The healthy expansion in gross tax revenues in H1 FY22 relative to the pre-Covid level augurs that the upturn will sustain in the second half as well, even though a normalising base may dampen the pace of growth going forward. We expect gross tax revenues to exceed the FY22 budget estimate by at least Rs 2 lakh crore
Aditi Nayar, Chief Economist, ICRA

Expenditure picked up in August, the data showed. It may further accelerate as the government has removed spending curbs placed on its departments due to the pandemic.

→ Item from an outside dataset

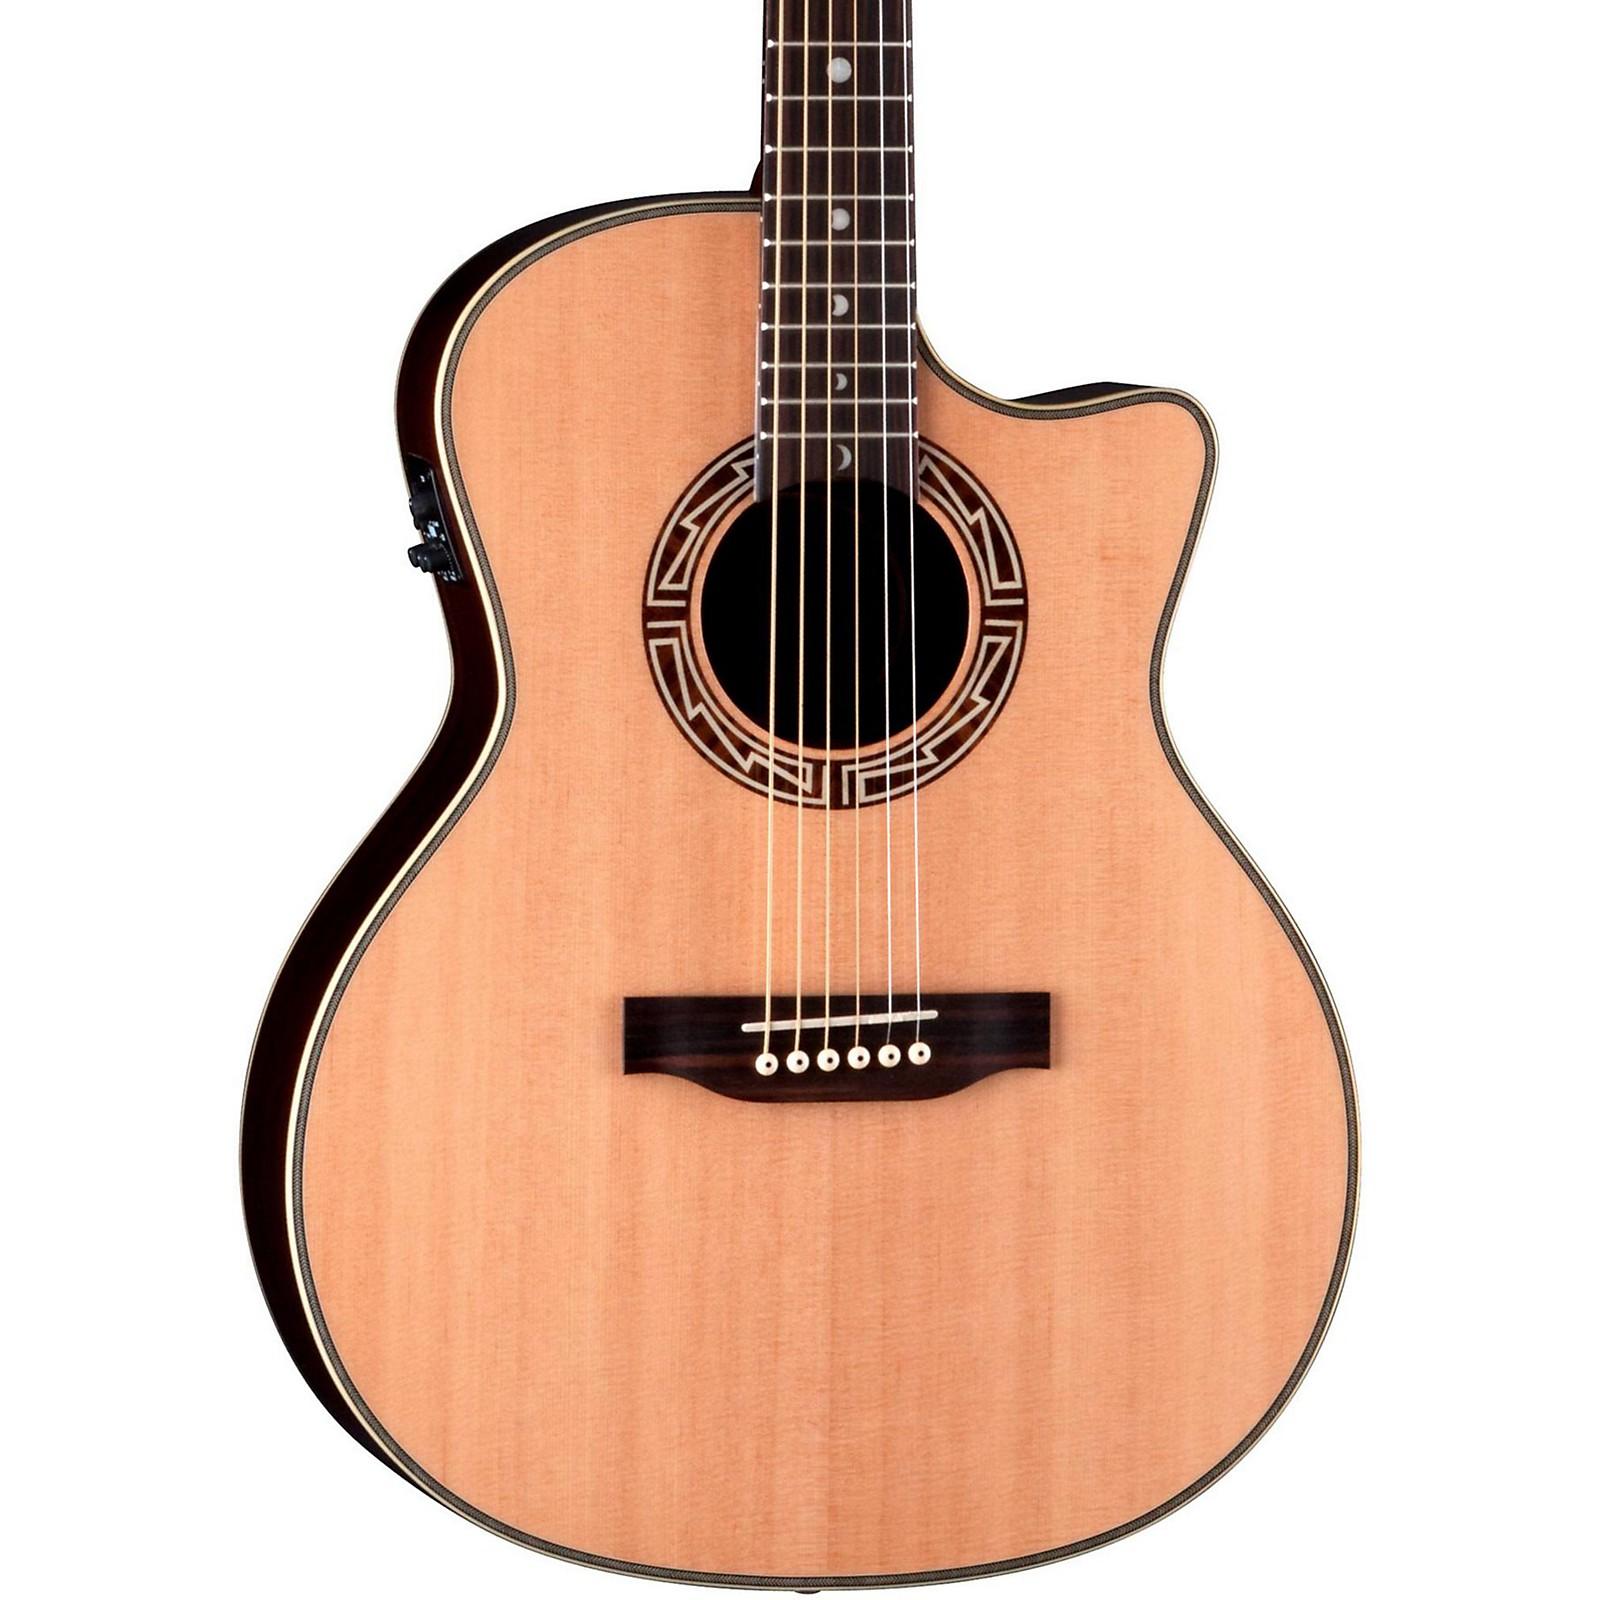 New Luna Guitars AMP 100 Americana Parlor Cutaway w/ BBand

Total expenditure stood at Rs 12.77 lakh crore or 36.7% of budget estimate. In the year-ago period, the government had spent Rs 12.47 lakh crore or about 41% of its budgeted expenditure.

Capital expenditure in April-August was at Rs 1.71 lakh crore or 31% of budget estimates. Revenue expenditure stood at Rs 11.05 lakh crore or 37.7%.

"Both revenue and capital spending saw a healthy increase in August 2021, more than offsetting the contraction seen in July 2021," said Nayar. Nevertheless, the revenue expenditure recorded a mild 2% growth in July-August 2021, which suggests that government final consumption expenditure may weigh on GDP for the second quarter of the fiscal year. "The robust 31% expansion in capital expenditure in this two month period will support the growth in gross fixed capital formation," she said.